White matter studies using dMRI usually rely on the comparison of scalar measures that quantify the diffusion within a voxel. The most common measures, which are based on the DTI model, are the Fractional Anisotropy (FA), which measures to what extent a diffusion direction is dominant over the others, and the Mean Diffusivity (MD), which quantifies the total amount of diffusion. Other relevant scalar measures include the tensor mode and the linear measure.
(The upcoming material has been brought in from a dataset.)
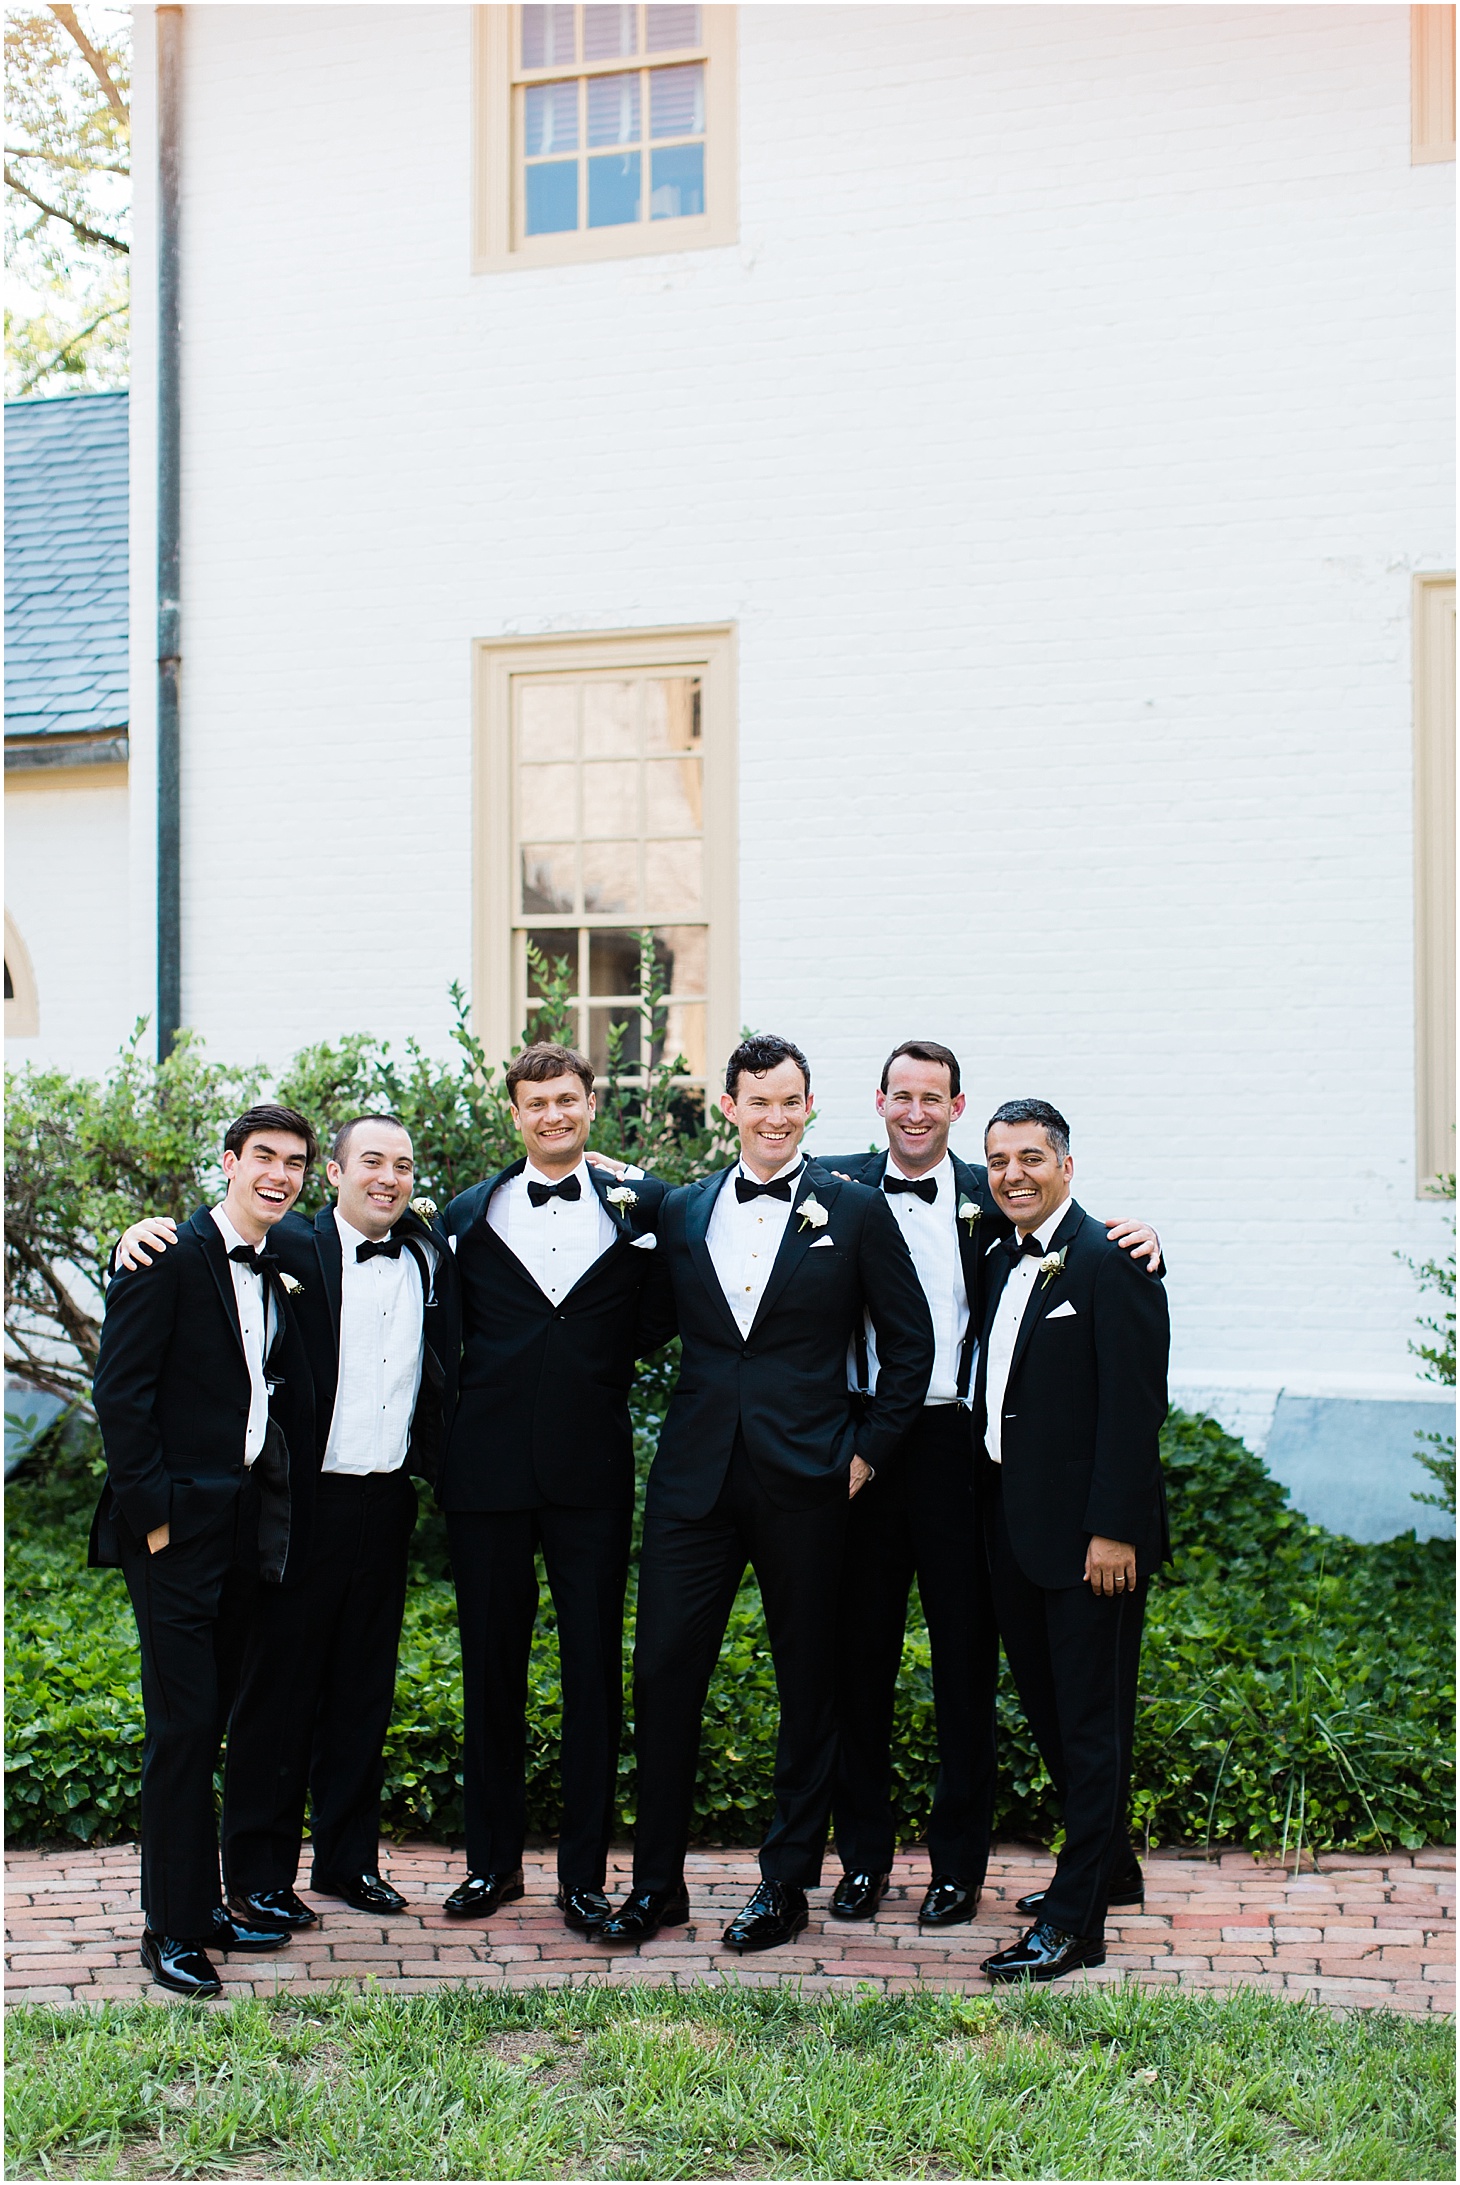 Groom and Groomsmen at the Williamsburg Inn | Wedding Ceremony at St. Olaf Catholic Church | Blush and Black Tie Wedding in Williamsburg, VA | Sarah Bradshaw Photography

Whatever the diffusion model, white matter analysis is commonly performed in clinical studies following a volumetric or a tract-based approach. In the former case, Regions of Interest (ROIs) are either manually or automatically defined, and then the scalar quantities derived from dMRI can be compared across subjects. Alternatively, images can be registered to a common template and then voxelwise statistics are computed in the whole brain or in certain areas of interest (VBM, Volumetric-Based Morphology) [7]. In the latter case, tractography is carried out using the diffusion information in the dMRI in order to achieve a representation of the neural pathways [8, 9]. Finally, measures are derived from the obtained fibers in order to compare corresponding fiber bundles in different subjects.

In spite of the enormous number of studies performed during the last two decades using this technique, dMRI suffers from a major limitation: the scalar values upon which these studies are based are heavily dependent on a number of factors. These include the number of scan repetitions [10], the diffusion sensitivity b-value [11, 12], the number of gradient sampling directions [13], the scheme of these directions [14, 15], the voxel spacing resolution [16], the trade-offs between some of them [17] or even the scanner manufacturer [18]. Other factors that can be a source of intra-session variability are the MR signal variation and subject physiological noise, motion and positioning [10, 15]. All these elements have an influence on the voxel values of the DTI or HARDI volume.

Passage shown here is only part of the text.